NO. I WOULD GET HIT IN THE FACE.

"Lame," she says. "What about echolocation? Can you screech and see walls?"

I AM NOT A BAT.

"Disappointing. Seriously, what are the perks? There's gotta be perks."

I stop walking. I think about it.

The perks.

I listen. I hear the wind rustling the leaves of the cherry trees three blocks away. I hear a cat walking on a fence to my right—light, velvet footsteps. I hear the heartbeat of the girl standing next to me. It's steady. Calm. Honest.

I type.

I CAN HEAR WHEN PEOPLE ARE LYING. THEIR VOICE TIGHTENS.

"Oh?" Yu-ri stops. "That's useful. Am I lying right now?"

I listen to her breathing.

NO.

"Good," she says. "Because I think we're gonna be friends. And I'd hate to lie to a friend."

I freeze. Friends?

We met six hours ago. She insulted the class rep, fed me burnt food, and asked if I was a bat.

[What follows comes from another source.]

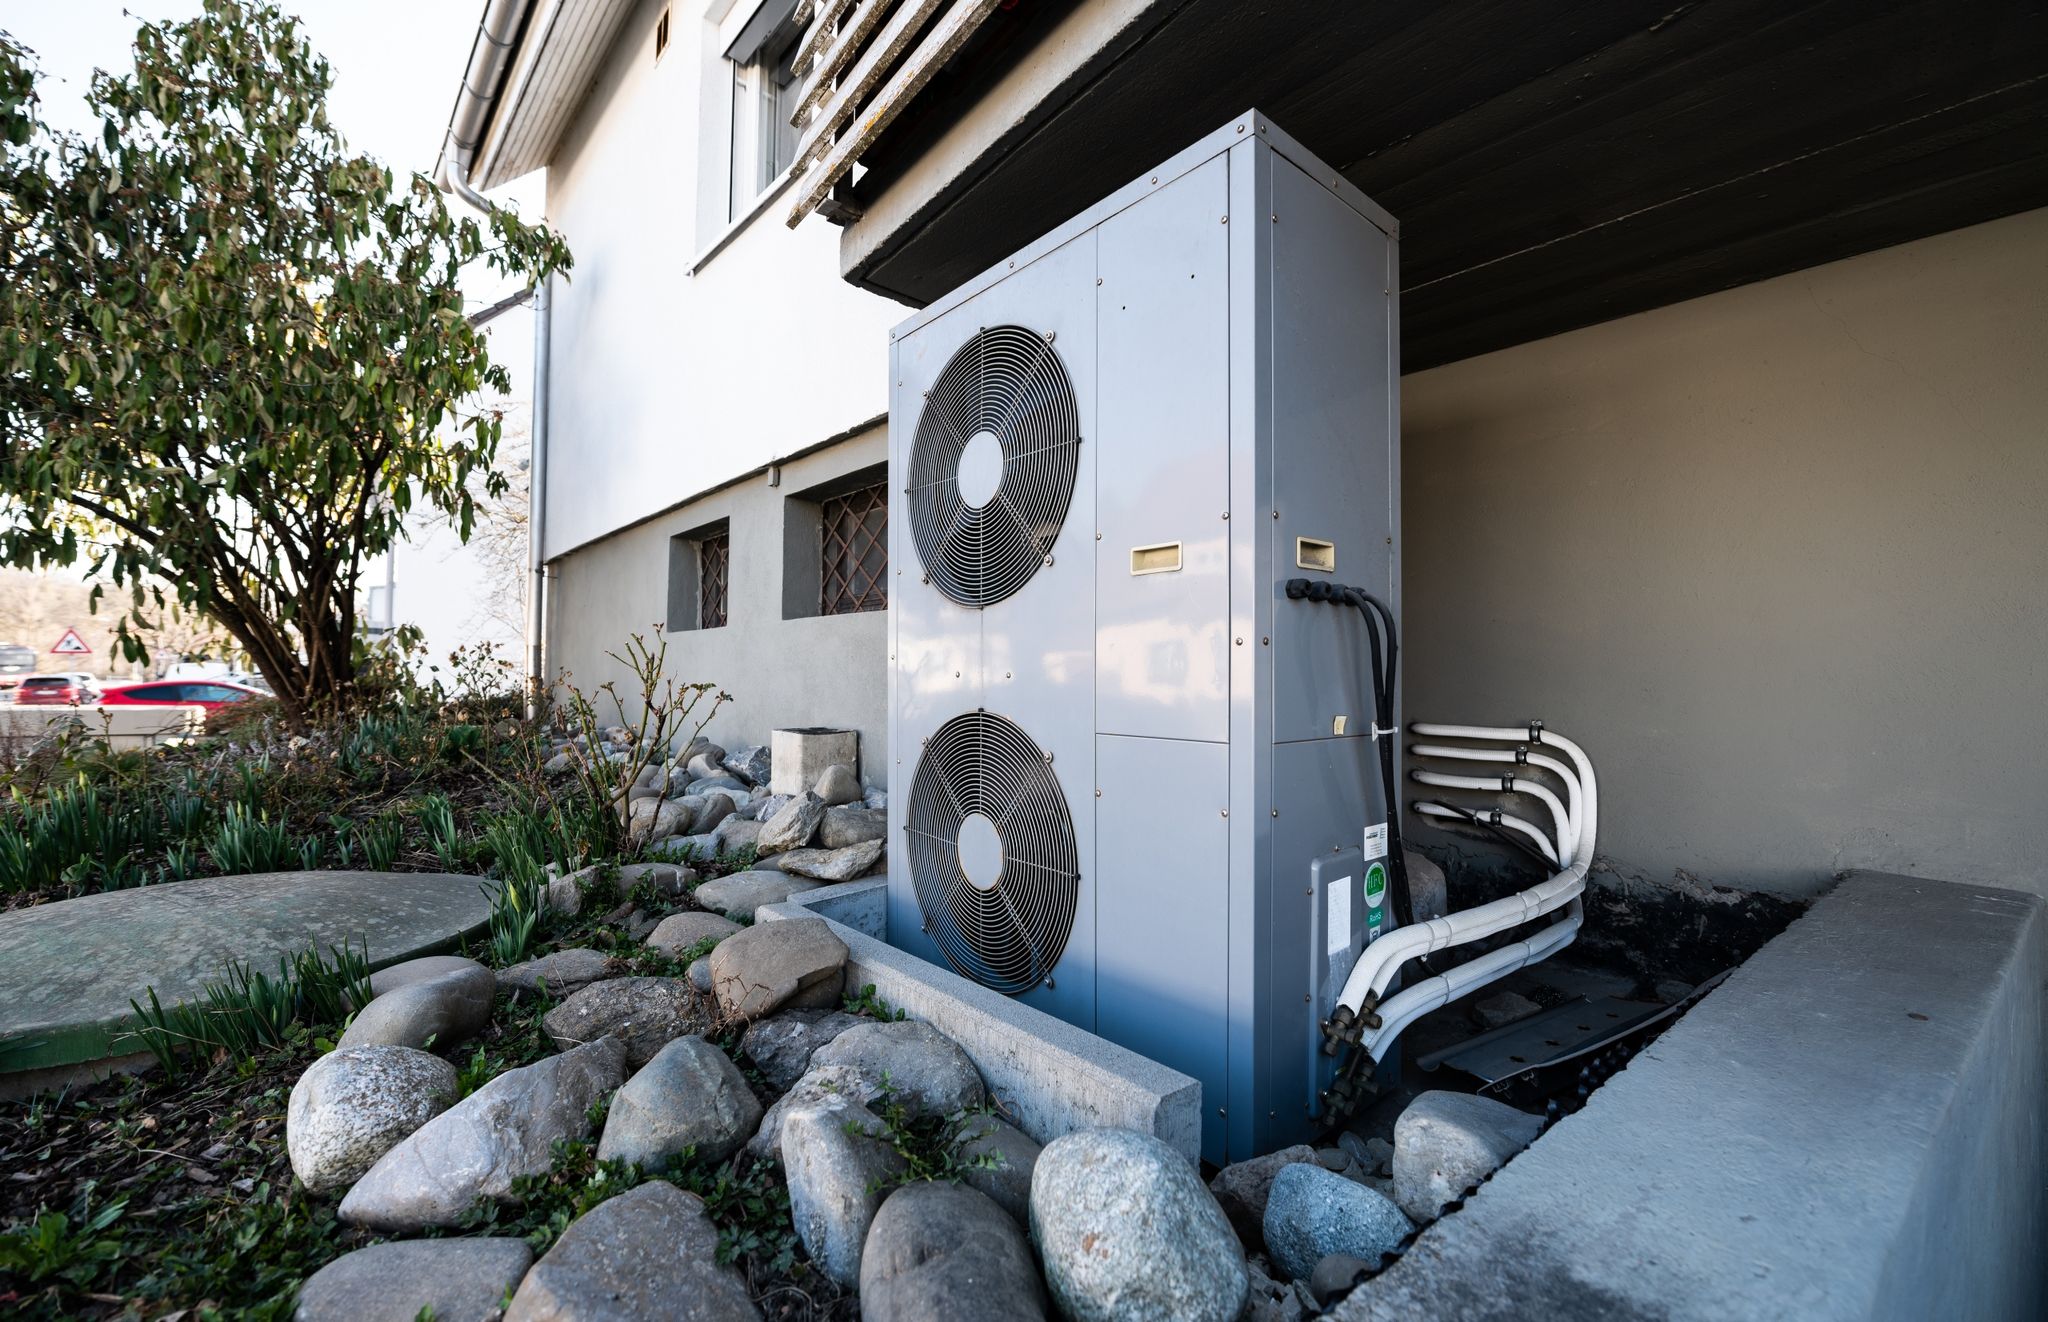 Lüftungsanlage einer Wärmepumpe: Eigentümer bekommen mit den Fördermitteln Unterstützung bei einer Sanierung ihres Gebäudes, die dauerhaft Energiekosten einspart.

"Don't leave me hanging," Yu-ri says. "I'm extending a metaphorical hand here. Or a fist bump. Whichever is easier for you to find."

I reach out. My hand bumps into her knuckles. It's clumsy, but it connects.

A fist bump.

"Booyah," she whispers.

We keep walking.

"By the way," Yu-ri says casually. "Is Maria happy?"

I stop dead in my tracks.

The question. The dreaded question. The one everyone asks with that heavy, suffocating pity. Is Maria happy?

But Yu-ri says it like she's asking Is Maria hungry? or Is Maria cold? It's just data. She's just checking the specs.

I stand there on the sidewalk. The world flows around me. Cars, bikes, wind.

I check myself.

My feet hurt a little from the shoes.

My stomach is full of burnt sausage and egg.

My hand still tingles from the fist bump.

My mind is quiet. No screaming.

I take out my tablet. I type one word.

YES.

Yu-ri laughs. "Cool. Let's go get ice cream. You're paying, since I saved your life from the Evil Class Rep."

I HATE YOU, I type, but I'm walking toward the ice cream shop.

I KNOW, she replies.

And for the first time in my life, the noise of the world doesn't bother me at all.